Aleksandr raised an eyebrow, his interest actually peeked by this story. There were few that interested him, given most consisted of someone getting stabbed and a dog freezing to death in the snow. He supposed old legends like that were less common to be heard, especially in his small village.

Vladimir was staring at him. “If the twins were kept together though, the Legend of the Shooting Star comes into play. See, if they see a shooting star falling from the heavens, it is a gloomy sign that bears tidings of the twins’ separation. If that were to happen, they would have to fight with their lives on the line.”

You boys are our pride and joy; because… you are Kutou’s pride and joy…

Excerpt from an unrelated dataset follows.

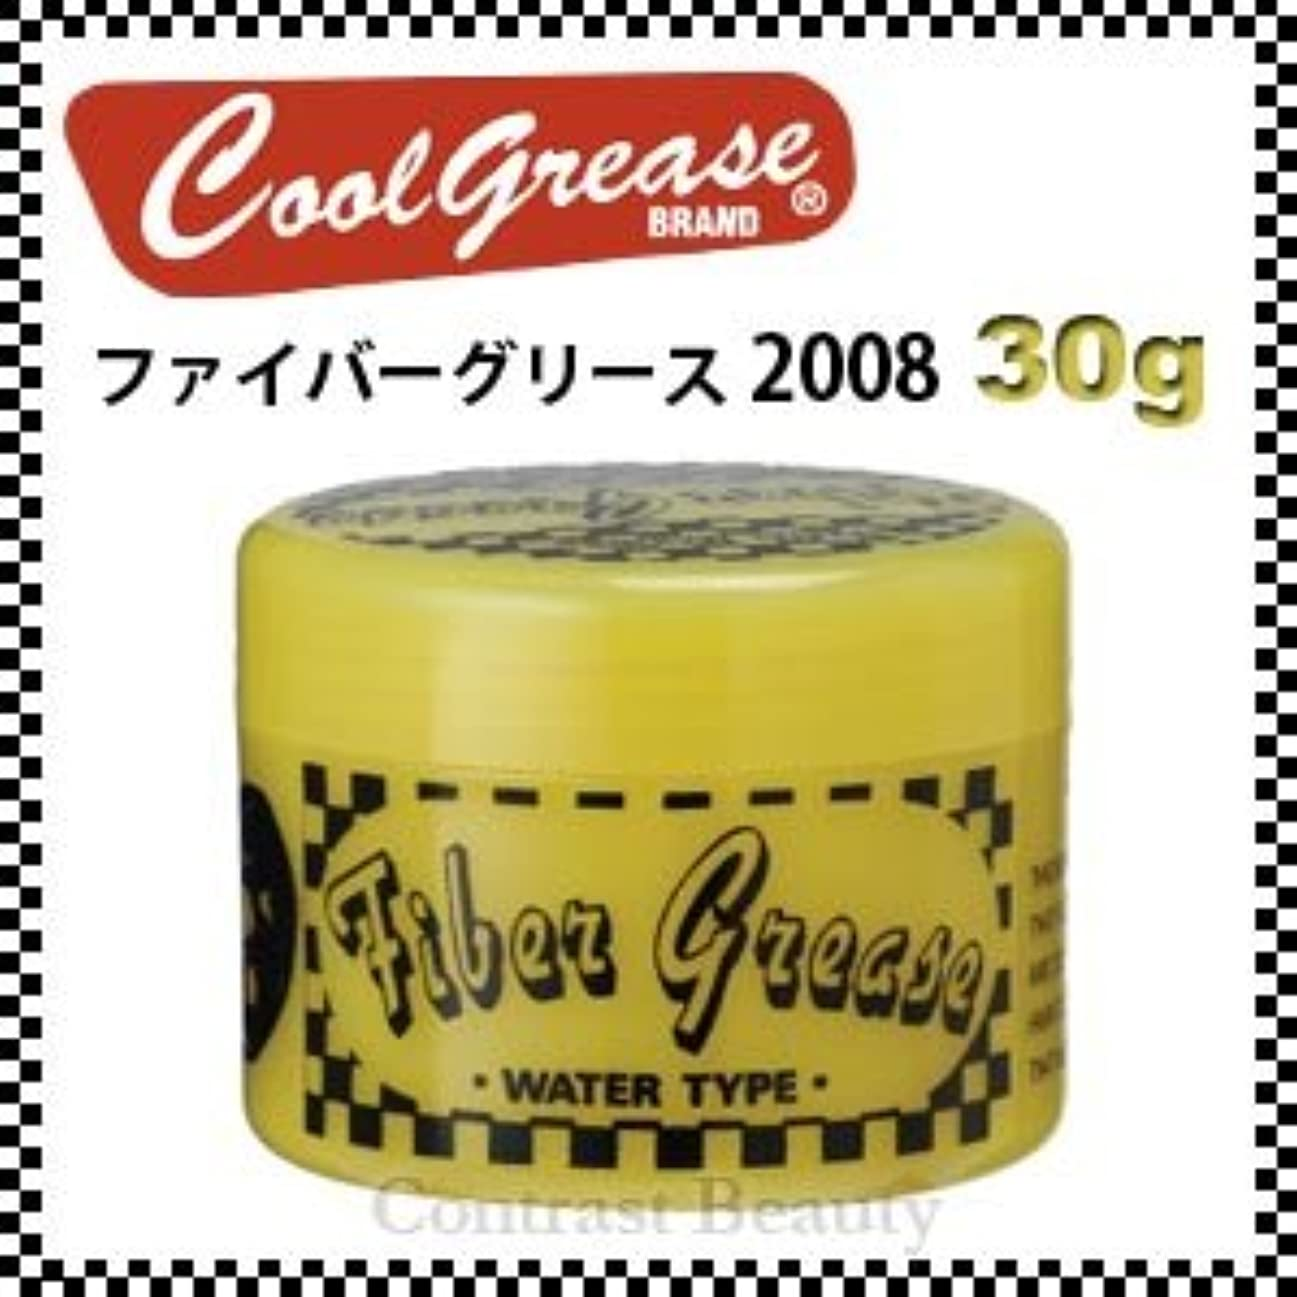 ファセット素晴らしきエゴイズム【X3個セット】 阪本高生堂 ファイバーグリース 2008 30g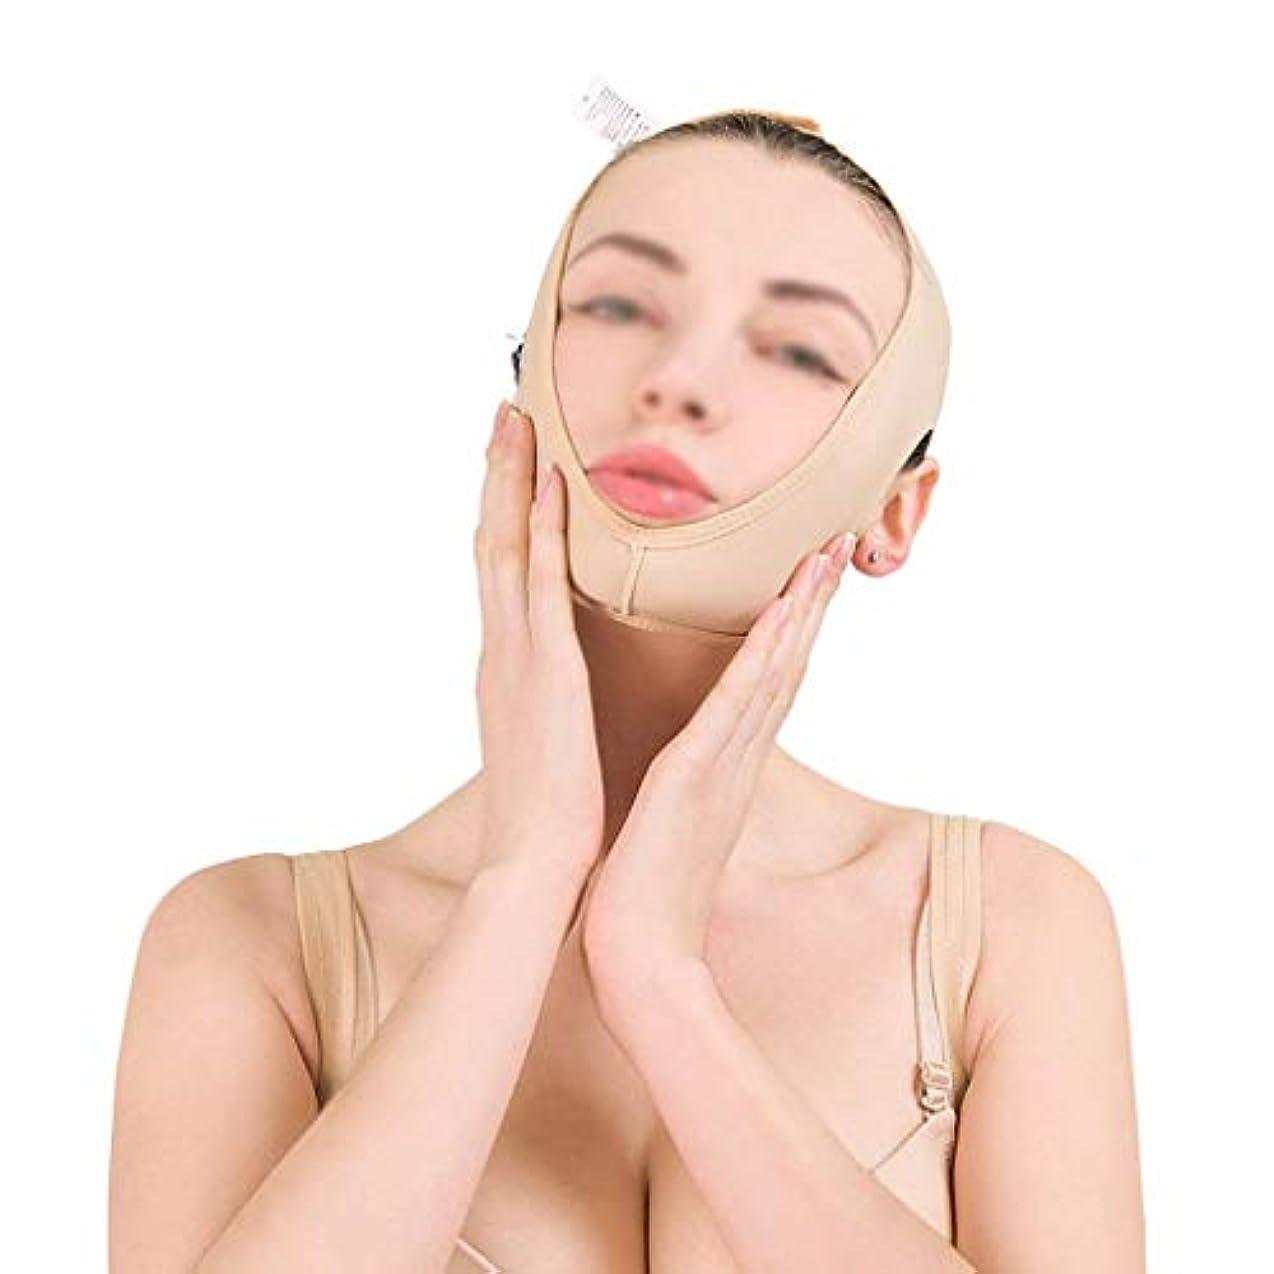 協力的ヒット面積マスク減量、肌の包帯を引き締めるリフティングフェイスバンド、フェイスリフティング、ダブルチンビューティバンデージ、フェイスリフト(サイズ:L),XL

Not entirely believing the story, he had the good sense to just think it over. He rested his chin on his knees and looked towards the window. He almost told his uncle about his feelings of loneliness that day, how he never really felt fully himself. He knew it would sound crazy, which would mean his uncle would listen.

He never spoke of it. Maybe if you were more like Jan?

Frustrated with the intermittent sleep, Aleksandr forced himself to sit up again. His legs had managed to get tangled in the blankets, and he fussed to pull them free. He kicked in his annoyance and finally slumped back against the couch, turning his head enough where he thought he could peer through the darkness and spot the outline of Jan bundled up in blankets.

“Ooooh, aren’t these guys twins? They don’t act alike, but their faces are exactly the same; they’re perfect copies of each other!”

He shook his head, lifting his fingers and pressing them on either side of the bridge of his nose. He was getting a headache from the lack of sleep, and he really wanted to get something so that he was less cranky in the morning. He doubted that Jan would be happy if he was snapping and snarling at everyone that came within a mile of him.

Turning his head, he rolled onto his side and stared through the darkness again. He narrowed his eyes in an attempt to see Jan’s outline on the floor, but it was just a pool of darkness where he could only hear soft breathing. He tapped his fingers against his cheek as he stared at the mass of black where Jan was probably so blissfully asleep.

He sighed heavily and glanced away from the floor, allowing his confused haze to fall over his sleep-deprived brain. He still wondered how two people could look identical, have the same birthdate, but not be twins?

…they’re perfect copies of each other…!

Maybe if we were more like Jan?

Maybe if we were more like Amiboshi, you mean. Quit being a retard!

Unmindful of the intermittent soft blue glow from his left shoulder, Aleksandr finally managed to lay his head down and fall off to a dreamless sleep.